··· Data below ···

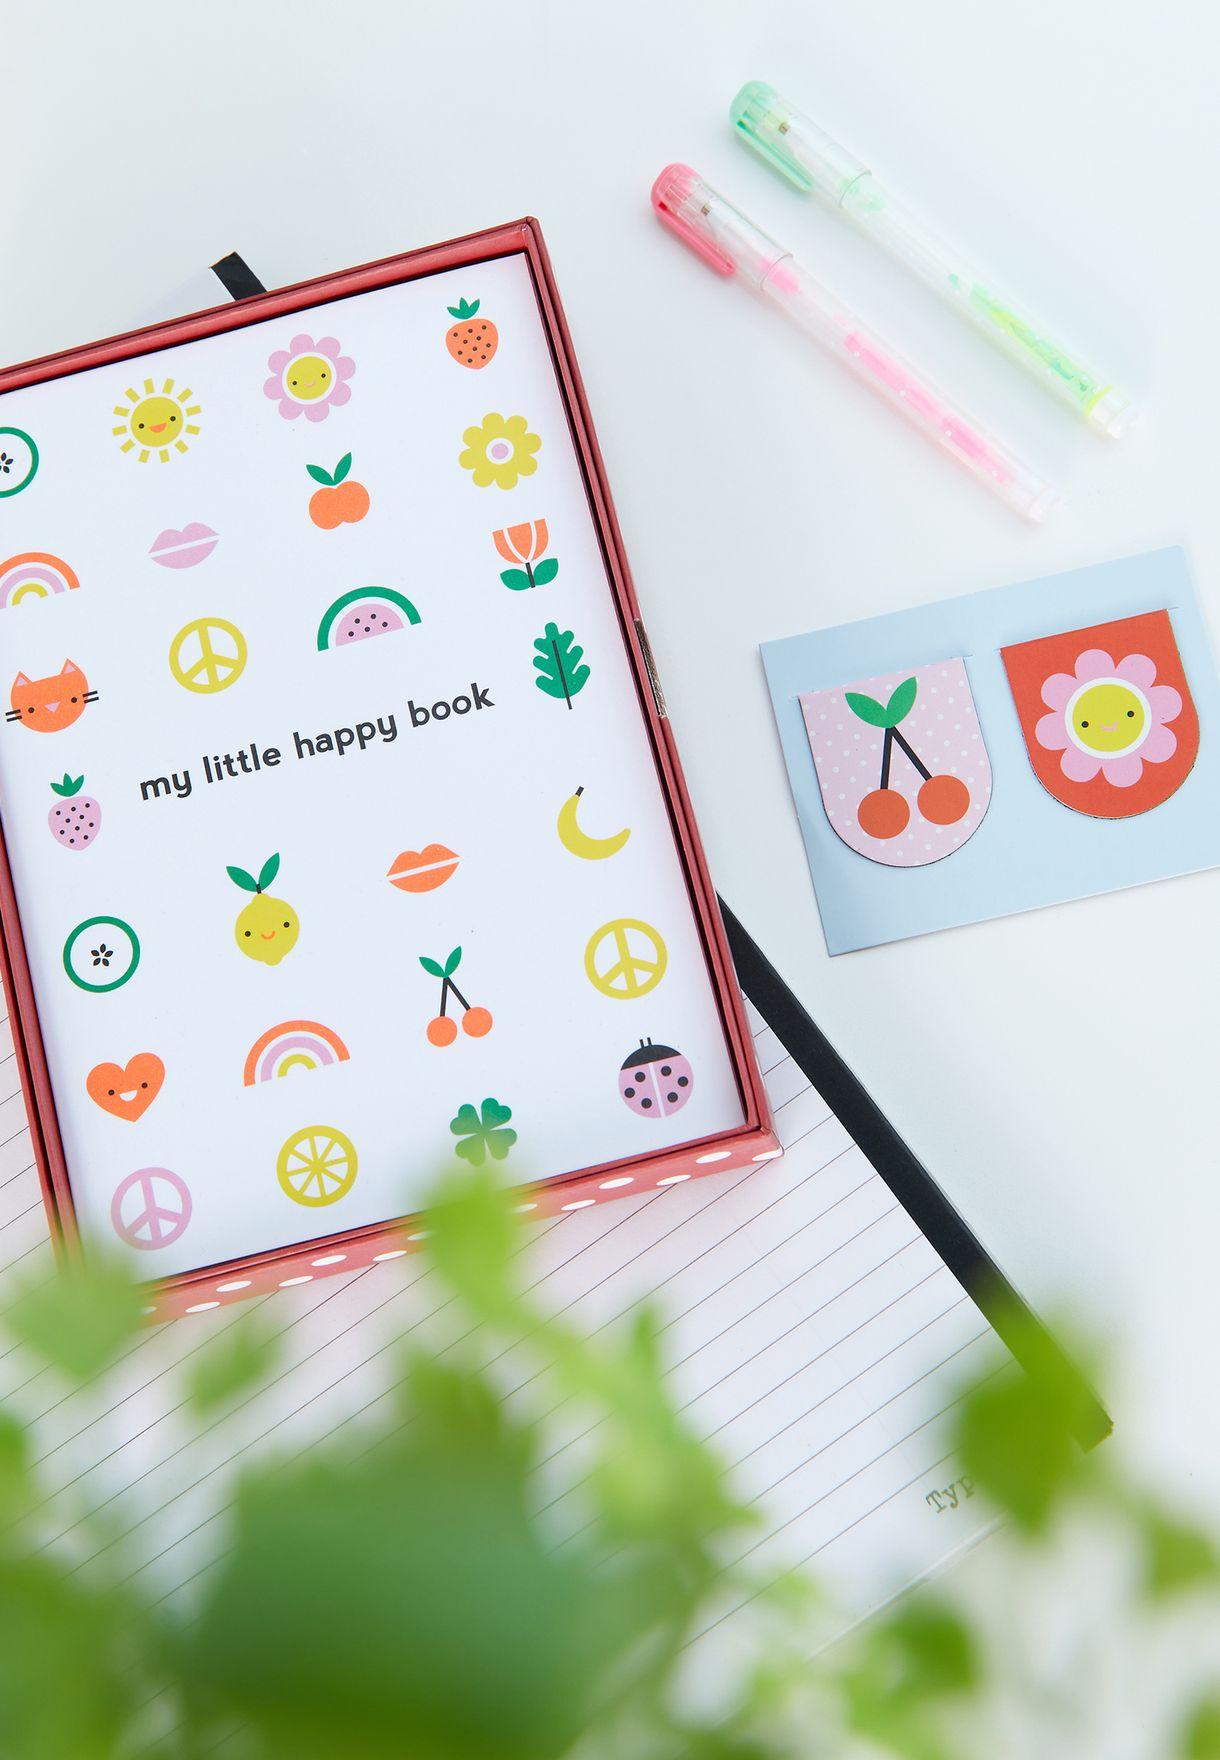 طقم هدايا ( دفتر يوميات + مؤشرات مغناطيسية +أقلام نيون)
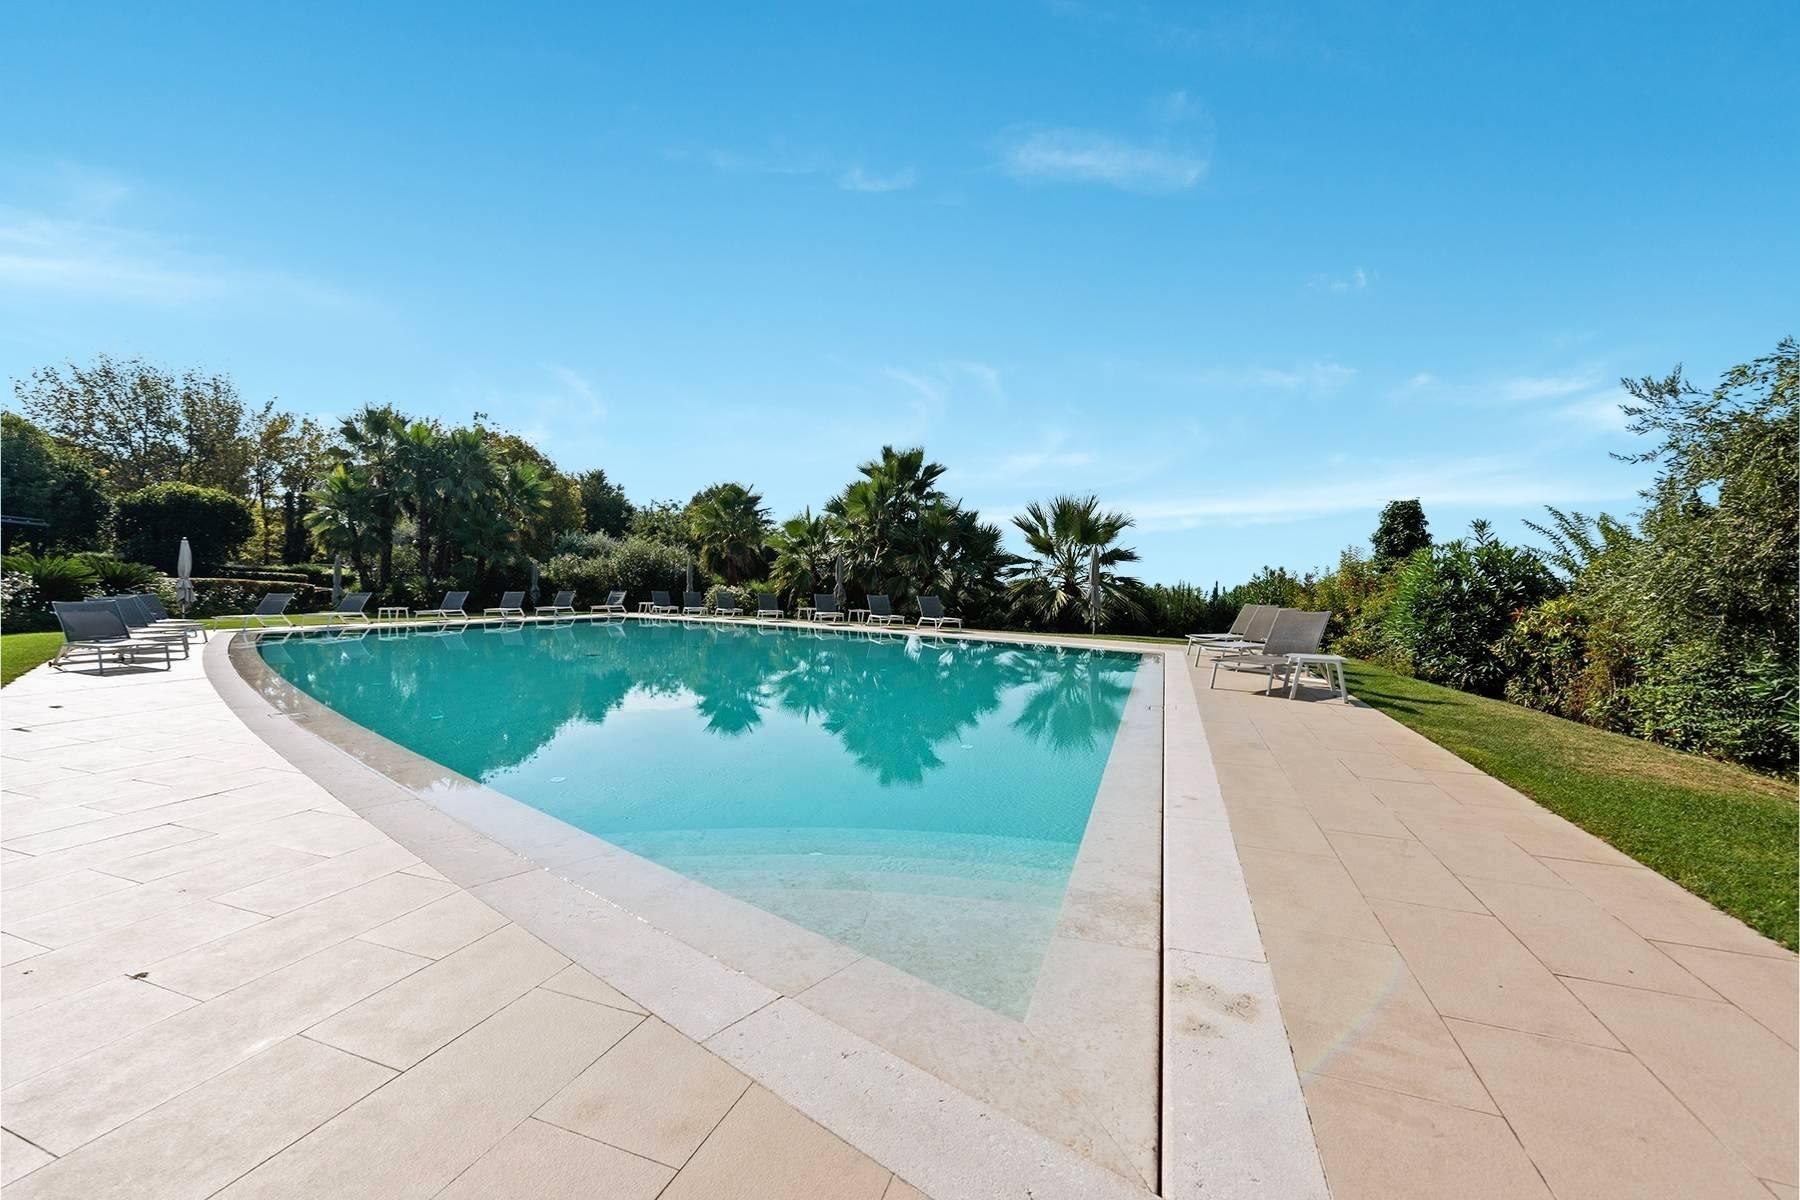 Villa im eleganten Wohnkomplex mit Pool - 12
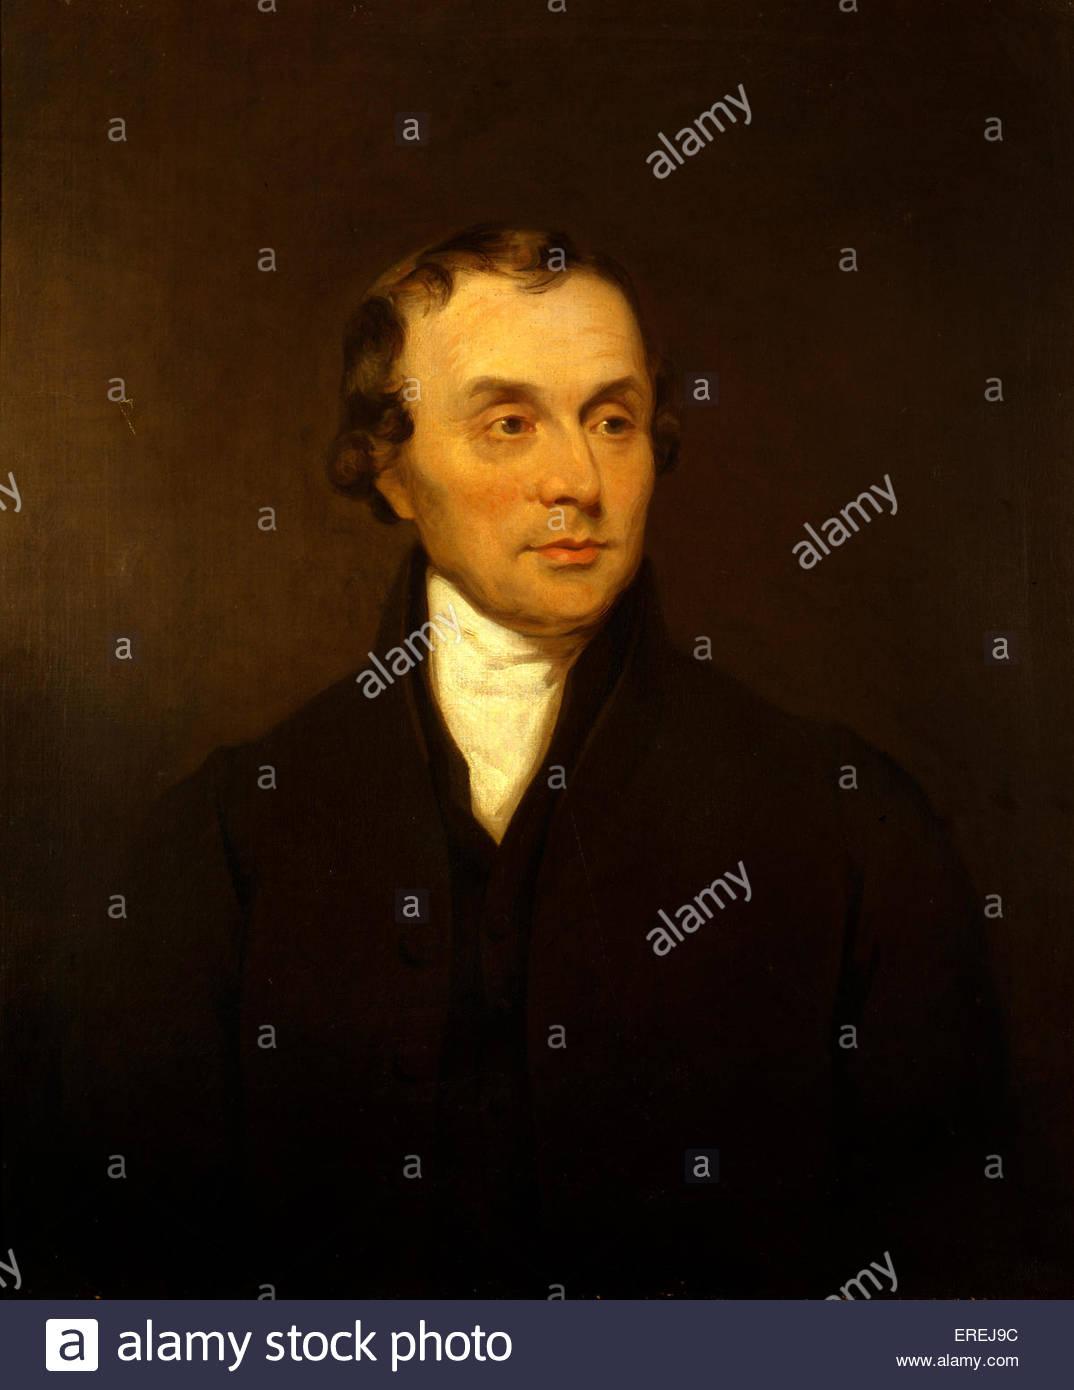 Luke Howard. Porträtmalerei von unbekannten Künstler. Mit freundlicher Genehmigung von königlichen Stockbild

···

— What needs to be done —
The output must match, line for line, the span from the line containing "Villa im eleganten Wohnkomplex mit Pool - 12" through the end of the data, with the pictures removed.

— Task response —
 Villa im eleganten Wohnkomplex mit Pool - 12
 Luke Howard. Porträtmalerei von unbekannten Künstler. Mit freundlicher Genehmigung von königlichen Stockbild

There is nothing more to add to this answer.